@fluidframework/sequence
Using Fluid Framework libraries
When taking a dependency on a Fluid Framework library, we recommend using a ^
(caret) version range, such as ^1.3.4
.
While Fluid Framework libraries may use different ranges with interdependencies between other Fluid Framework libraries,
library consumers should always prefer ^
.
Description
The @fluidframework/sequence package supports distributed data structures which are list-like.
Its main export is SharedString, a DDS for storing and simultaneously editing a sequence of text.
Note that SharedString is a sequence DDS but it has additional specialized features and behaviors for working with text.
This package historically contained several other sequence-based DDSes, but because they have unintuitive behaviors,
they are deprecated and being moved to the experimental folder.
The main reason for this is the lack of move semantics within the sequence, which becomes crucial when dealing with sequences of
complex content.
For that reason, all of the examples in this README use SharedString
. However, the APIs discussed are available on the common base class: SharedSegmentSequence
.
For the remainder of this document, the term sequence will refer to this base class.
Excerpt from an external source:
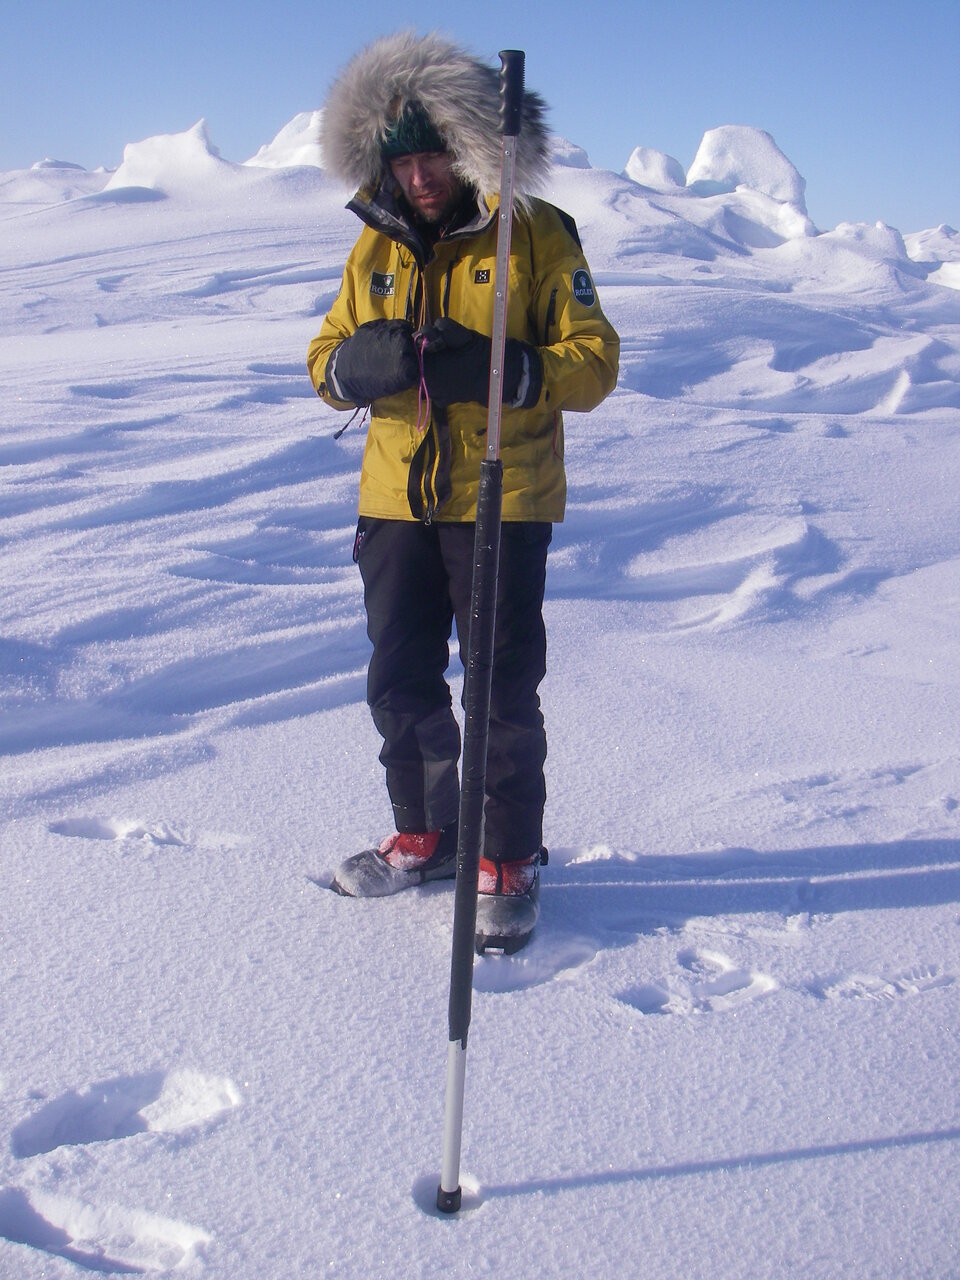 Taking snow-depth measurements for CryoSat

Items are the individual units that are stored within the sequence (e.g. in a SharedString, the items are characters),
but regardless of the type of data stored in the sequence, every item in a sequence is at a specific position starting
at 0, similar to an array. However, sequences differ from arrays in that the positions can move as local and remote
editors make modifications to the sequence.
As its name suggests, SharedSegmentSequence is composed of segments. Segments are the unit that the sequence works
with internally, and contain items within them. Thus, every segment has a length of at least 1 -- that is, it contains
at least one item -- and segments may be split and merged arbitrarily as the sequence is edited. This means the length
of the sequence is not the number of segments, but rather the sum of the length of all the segments.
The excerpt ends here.